Devo dire che poi, progressivamente, per via dei molti impegni a Milano sono venuto sempre meno al Centro Veneto e però vedo che l’albero che abbiamo piantato è cresciuto bene, è proliferato. Il Centro Veneto è progredito da molti punti di vista.

Io vi ho lasciato crescere “a distanza”, vi ho lasciato soli e questo vi ha giovato. Se ci si emancipa dai genitori si cresce meglio no?

 

C.P.: Certo si cresce meglio e questa sua “distanza ironica”, Professore ci insegna molte cose.

A proposito di ironia, tema caro al CVP per l’interesse che ne ha avuto Sacerdoti, lei pensa che ci possa essere un legame tra questa sua capacità di distanziarsi ironicamente e le sue radici triestine veneziane ed in parte anche ebraiche?

 

A.S.: Ma sì, forse il mio senso dello Humor potrebbe essere riconducibile alle mie origini, anche se credo sia un senso dello humor molto veneziano alla fine, credo di sì. Per quanto riguarda le origini ebraiche io sono ebreo solo a metà, sono un misto perché mia madre era cattolica dunque per gli ebrei non sono ebreo, lo ero solo per i nazisti. Però devo dire sono piuttosto ignorante in materia, anche se forse alcune cose le ho nel sangue, probabilmente si.

Indubbiamente c’è un doppio legame tra ebraismo e psicoanalisi che ha condizionato un po’ tutti noi analisti.
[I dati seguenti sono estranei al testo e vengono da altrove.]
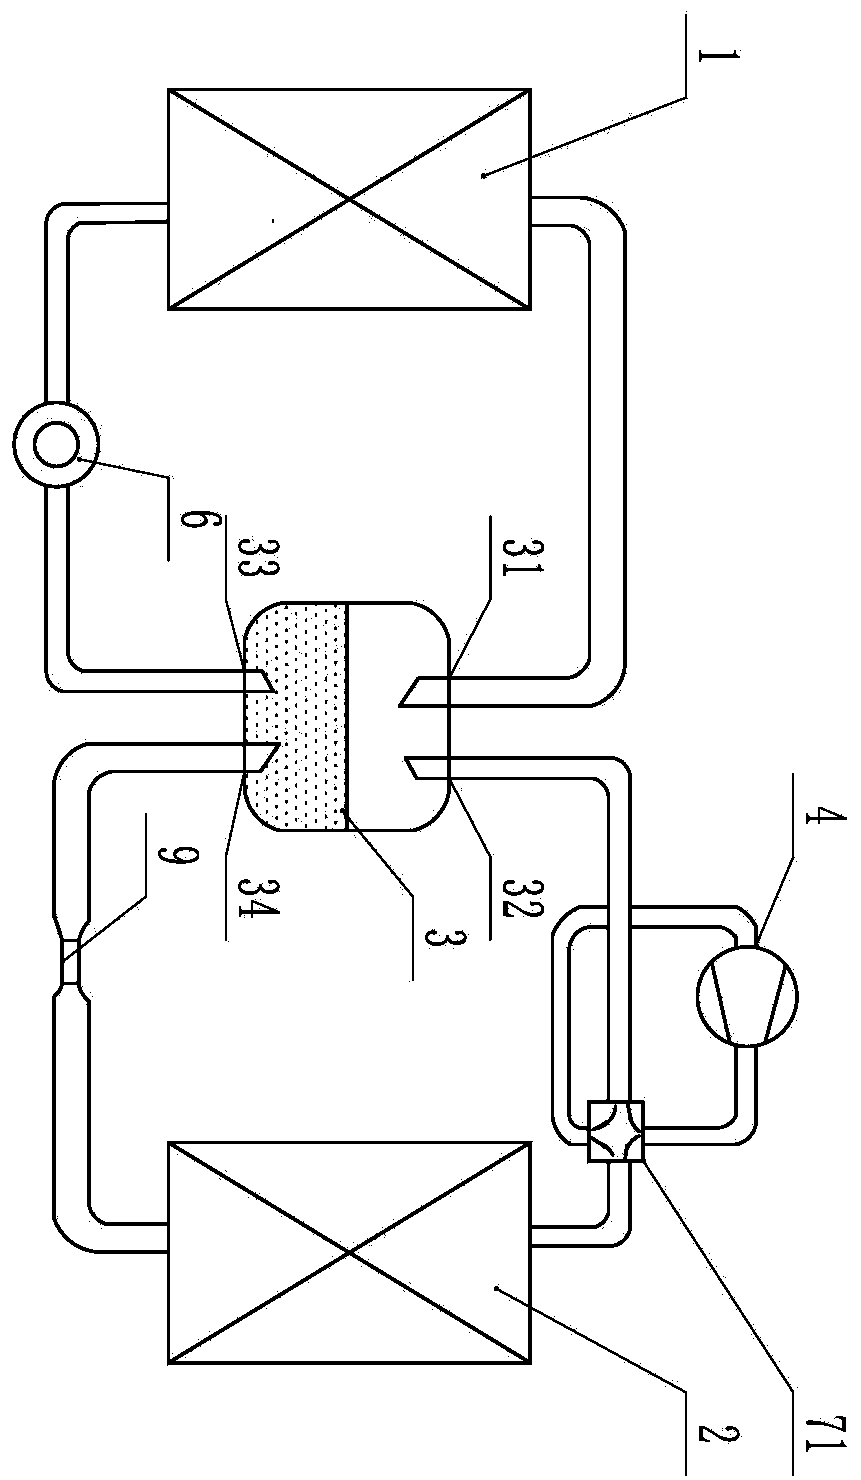 Phase change heat pump system

Sacerdoti lo sentiva molto sicuramente, Musatti è sempre stato molto laico, so che anche Semi è un profondo conoscitore di cultura ebraica.

 

C.P.: A proposito di umorismo ed ebraismo, memorabile mi era sembrata la novella chassidica da lei citata nel suo lavoro sulla neutralità dell’analista e ripresa da un testo della Nissim, che narra di un figlio di re che, sentendosi pollo, viveva sotto un tavolo e che solo andando sotto il tavolo con lui e parlando un po’ al principe ed un po’ al pollo un sapiente riuscì a rinsavirlo. Lei faceva riferimento alla capacità dell’analista di essere un lucido ed imperturbabile ricercatore di verità e nello stesso tempo saper entrare in contatto empatico con il paziente.

Crede che questa continui ad essere una buona ricetta anche per la psicoanalisi delle nuove generazioni?

 

A.S.: Sicuramente, per noi analisti è e continuerà ad essere fondamentale avere queste capacità del sapersi mettere in contatto e lavorare con le parti più regredite del paziente.

Il sapiente del racconto chassidico non conosceva la psicoanalisi, ma possedeva, innate, le doti che io considero fondamentali per un setting relazionale analitico: saper alternare con abilità, vicinanza e distanza.